╭─ Available data
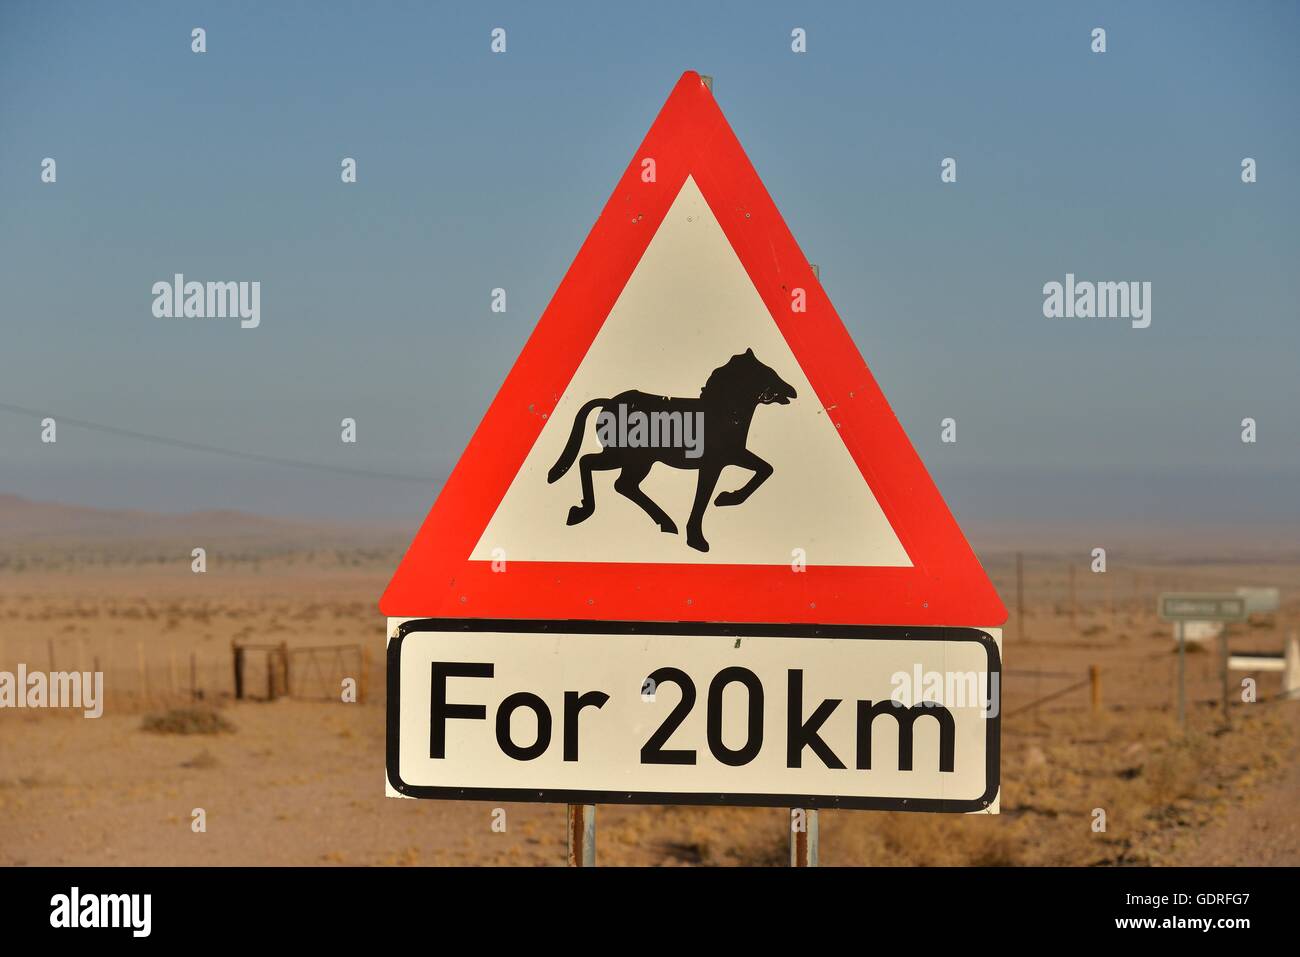 Señal de advertencia Atención caballos, cerca de Aus, Región Karas, Namib, Namibia Foto de stock
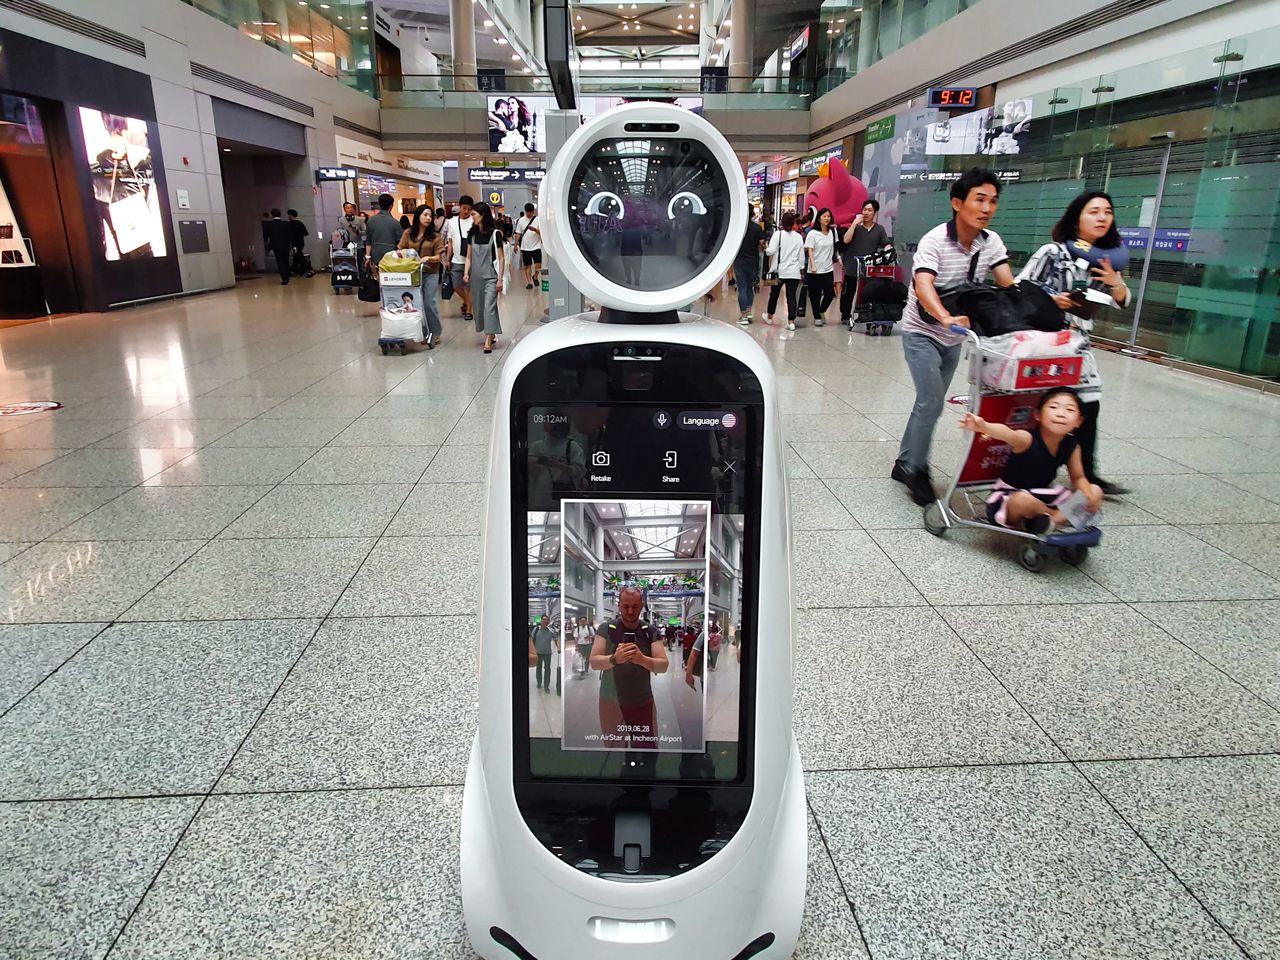 Na lotnisku wita cię robot, ale sygnalizację świetlną zastępują ludzie. Korea Południowa to kraj pełen sprzeczności - Lotnisko w Seulu opanowały przyjazne roboty
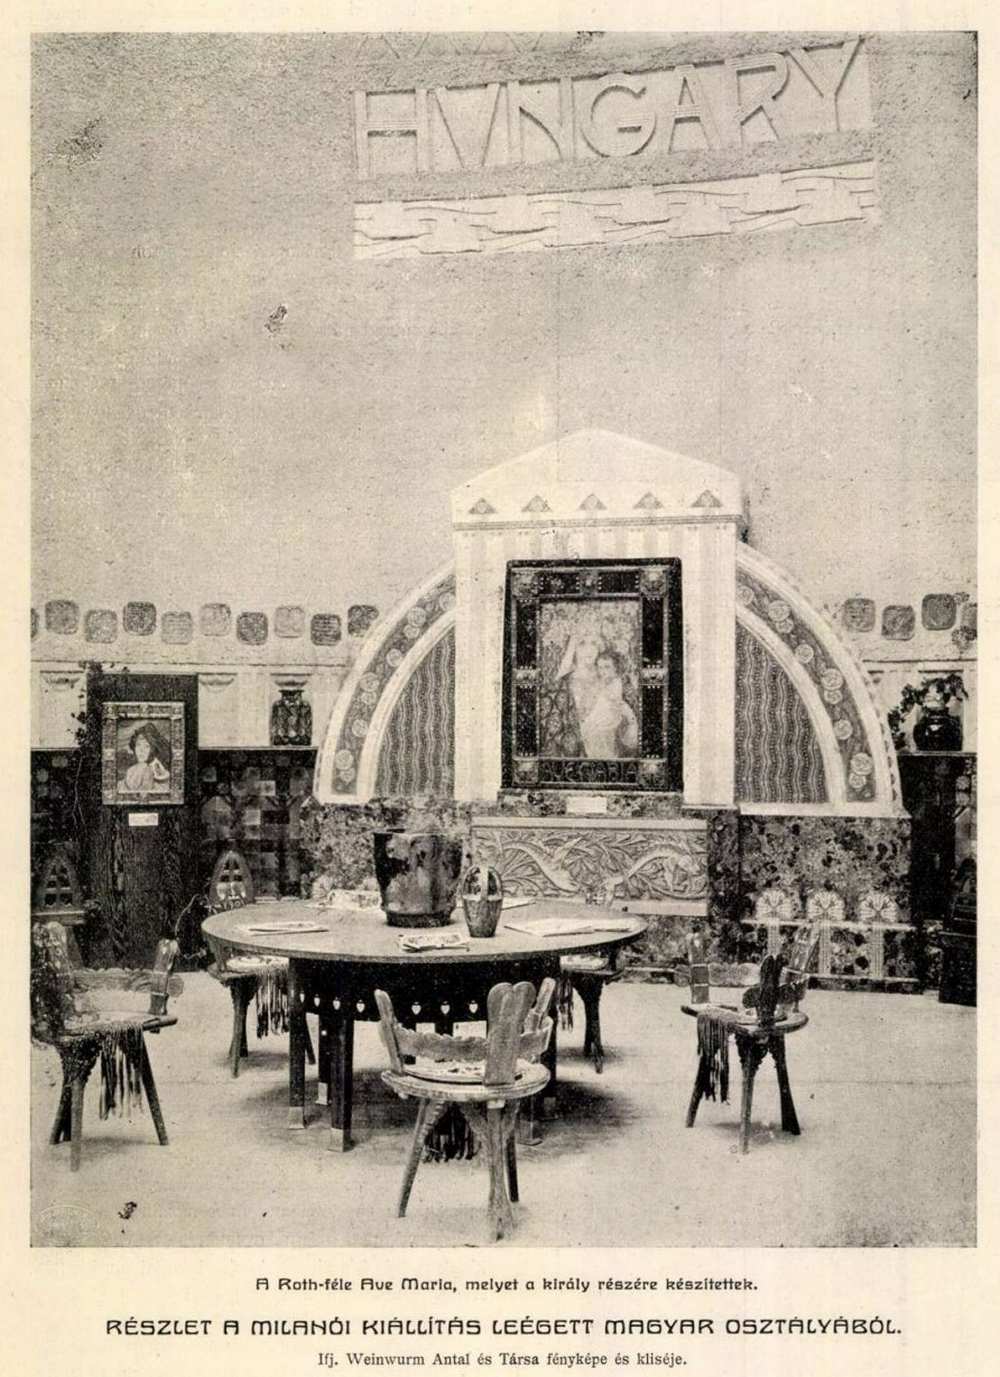 A Roth-féle Ave Maria, melyet a király részére készítettek. Részlet a milánói kiállítás leégett magyar osztályából. In: Ország-Világ, 27. évf., 35. sz. (1906. augusztus 26.), 699. – Törzsgyűjtemény http://nektar.oszk.hu/hu/manifestation/990545
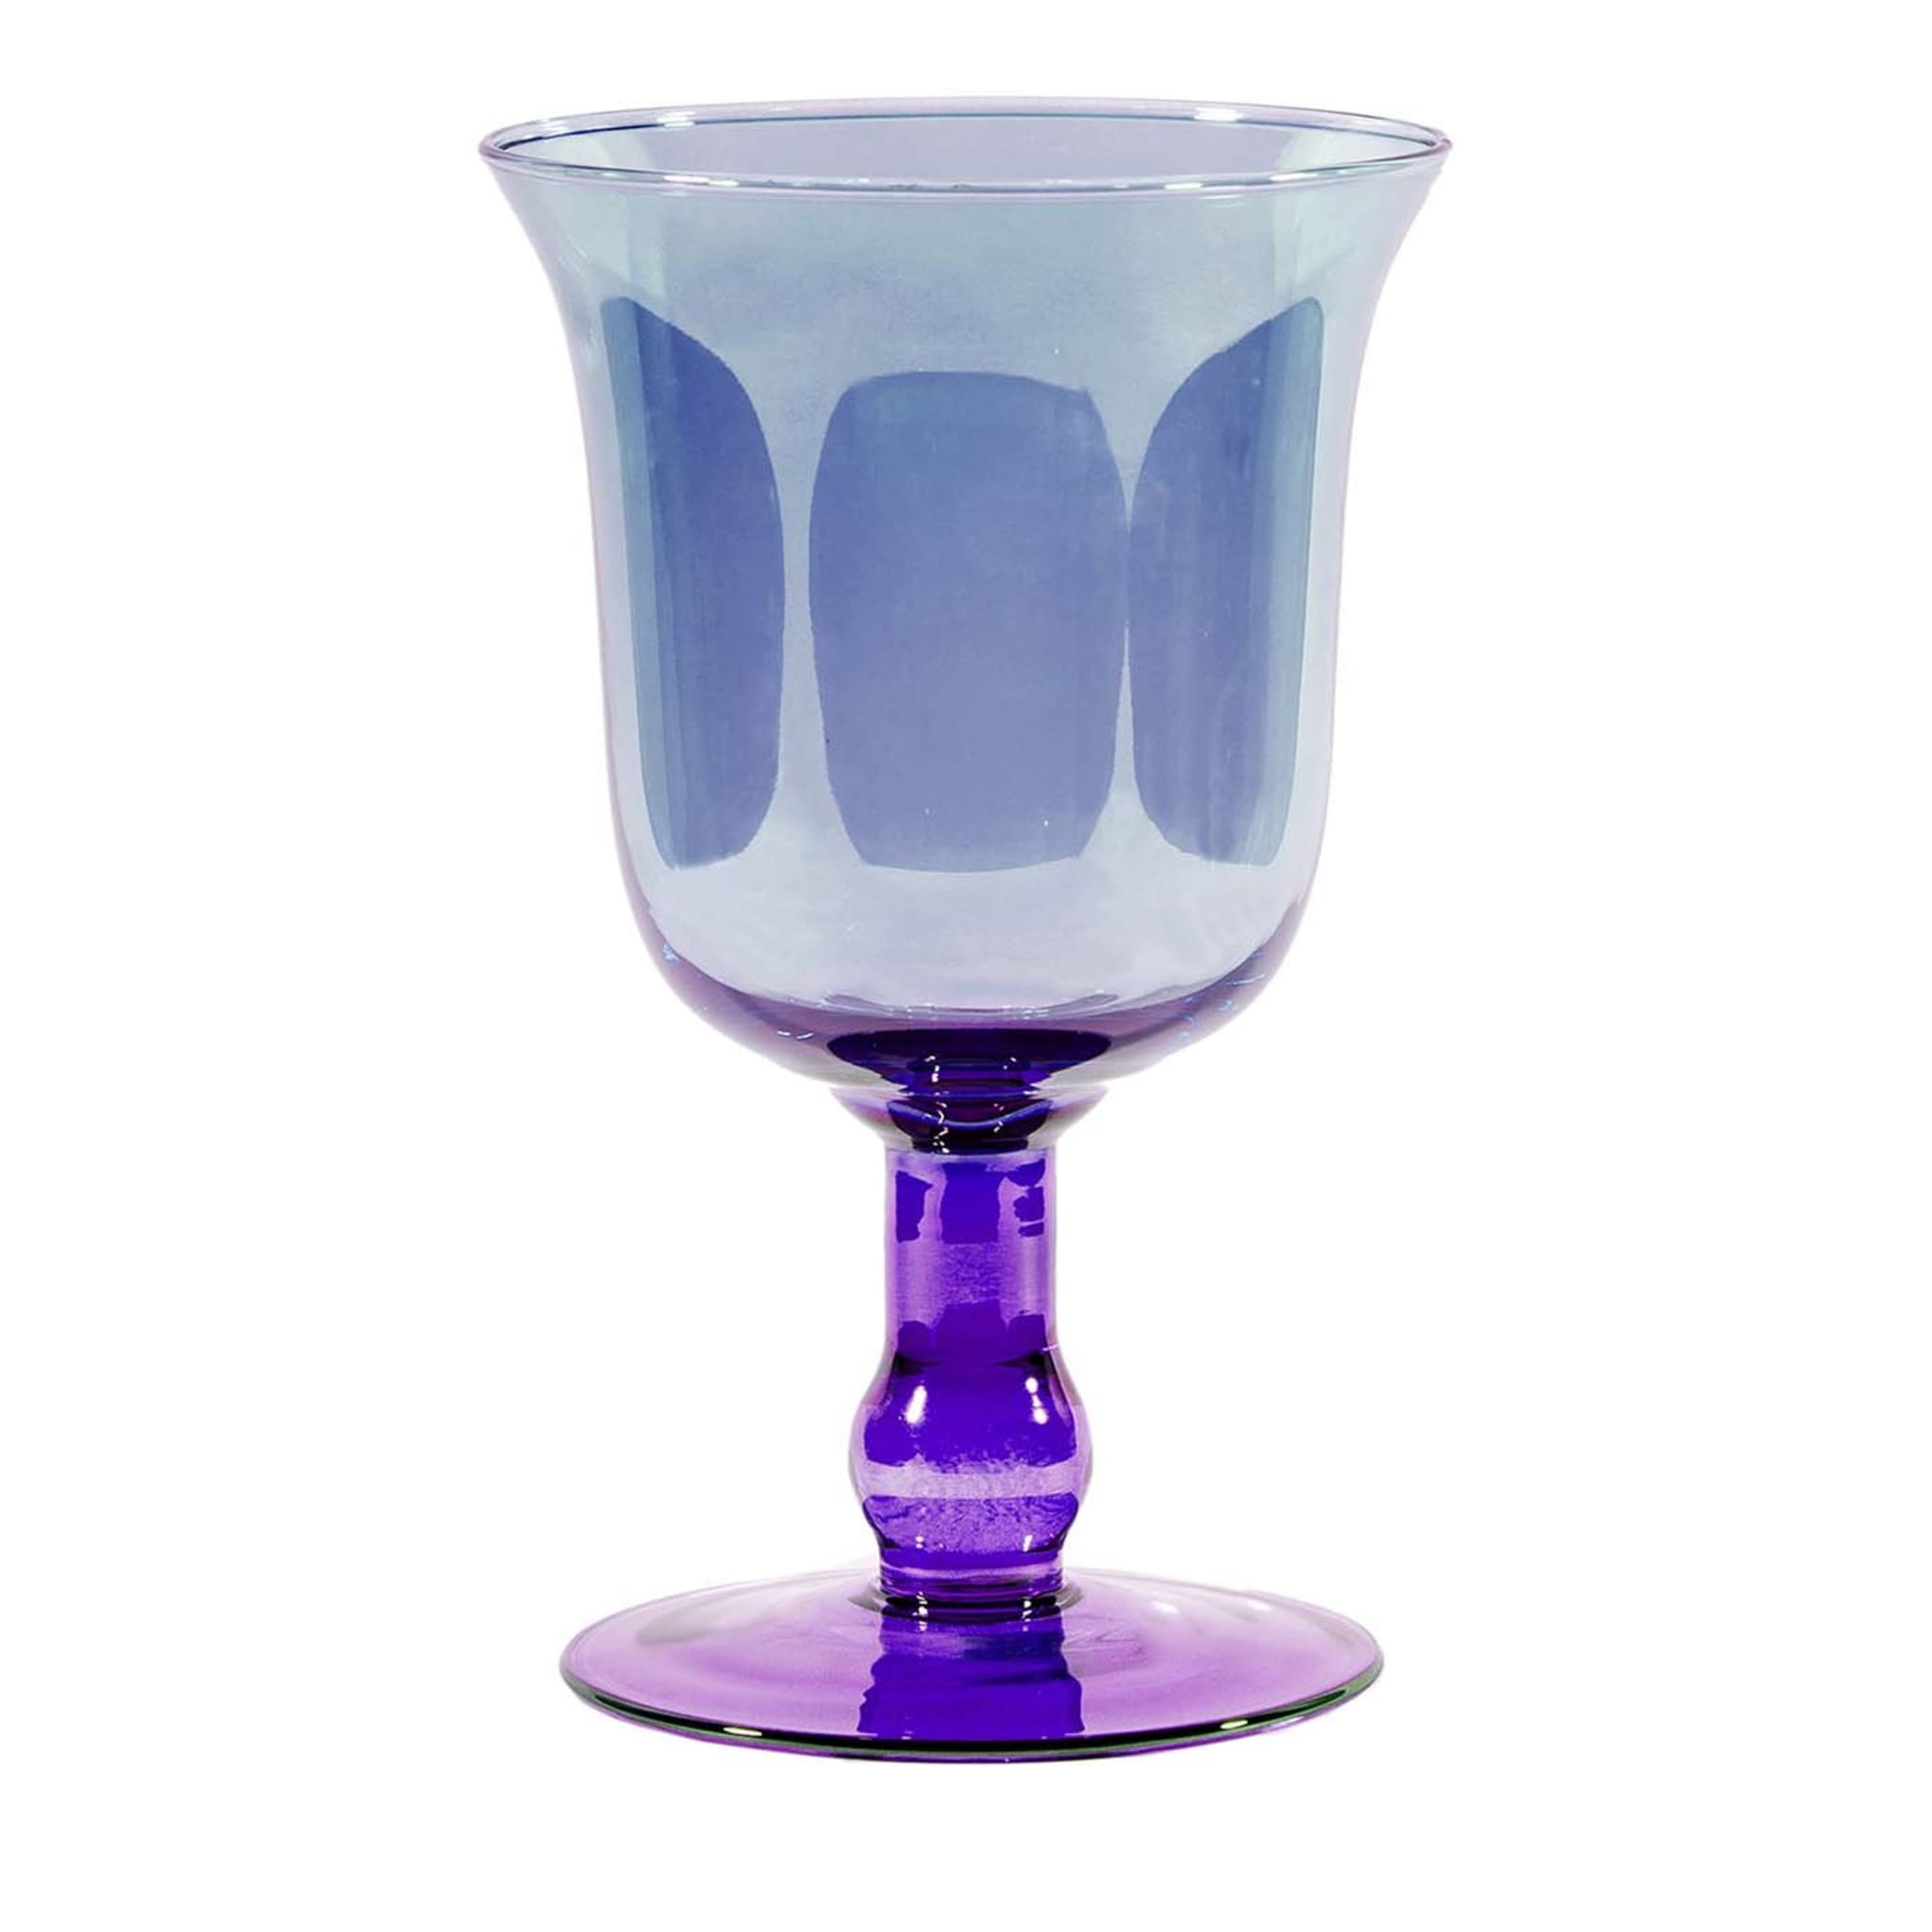 Grand vase en gobelet violet-bleu - Vue principale
╰─
Please reproduce only the lines from the one holding "A Roth-féle Ave" through the final line of the listing above, both included, with each picture left out.

**Task solution:**
 A Roth-féle Ave Maria, melyet a király részére készítettek. Részlet a milánói kiállítás leégett magyar osztályából. In: Ország-Világ, 27. évf., 35. sz. (1906. augusztus 26.), 699. – Törzsgyűjtemény http://nektar.oszk.hu/hu/manifestation/990545
 Grand vase en gobelet violet-bleu - Vue principale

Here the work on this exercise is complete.